In comparing groups on comfort ratings after the remote sessions, our null hypothesis was that there would be no differences in comfort ratings between healthy controls and patients; our alternative hypothesis was that healthy control participants would report higher comfort ratings than patients.

Finally, we conducted F-tests and Levene’s equality of variance tests to evaluate differences in variability between the two testing environments.

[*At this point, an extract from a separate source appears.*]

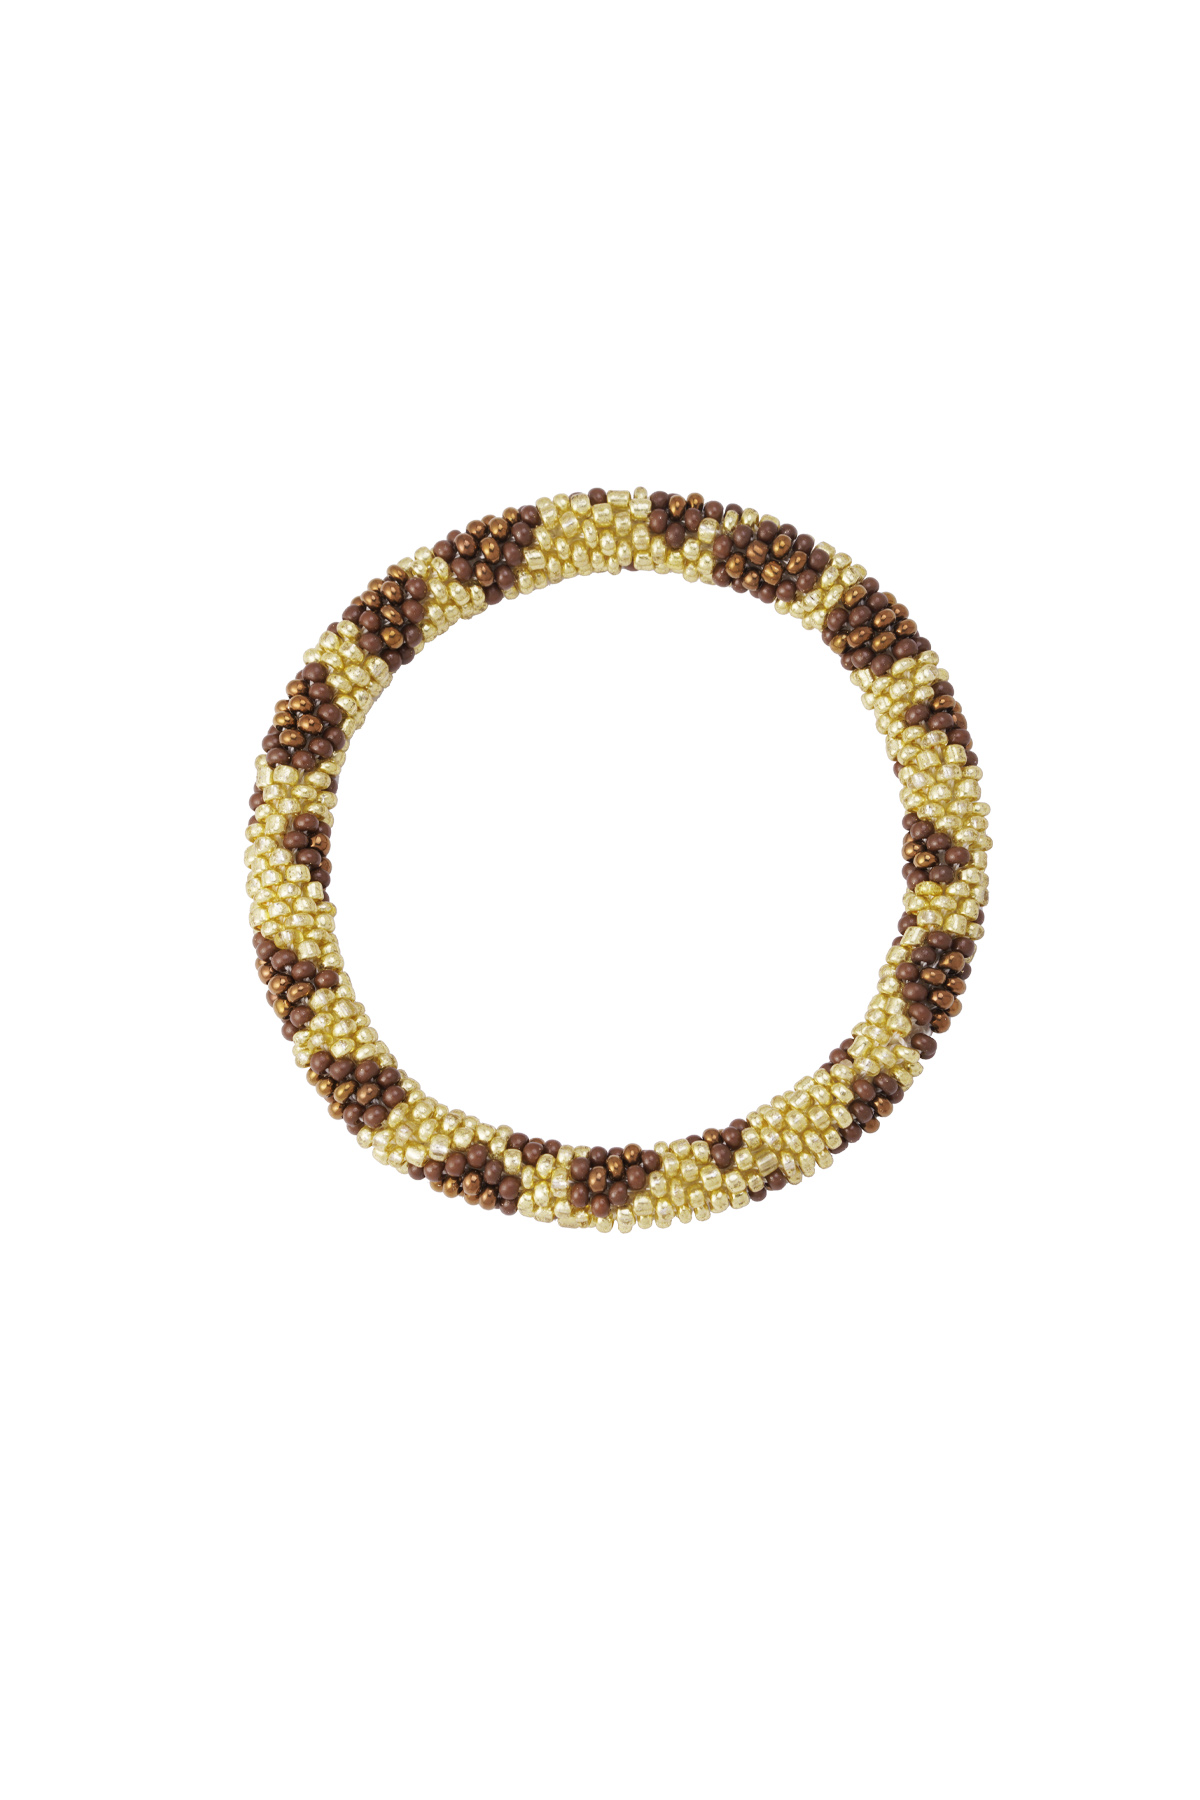 Perlenarmband Figur - gold/braun

Patient and public involvement

In August and September 2020, we contacted 527 people (comprising healthy control participants and people with a diagnosis of a dementia) who had previously taken part in our face-to-face research programmes in the Dementia Research Centre, University College London, or who had expressed an interest in doing so in the future. They were asked, ‘Would you consider participating in research remotely (telephone/online)?’ Of the 163 people who answered the question, 145 (89%) indicated that they would be happy to take part in remote research. Based on this feedback, we submitted an amendment to our existing research ethics that was approved in October 2020. Following this, we conducted a pilot remote testing session with an older healthy control individual who was also a carer for a family member living with dementia. Their feedback was instrumental in developing and improving our remote testing procedure.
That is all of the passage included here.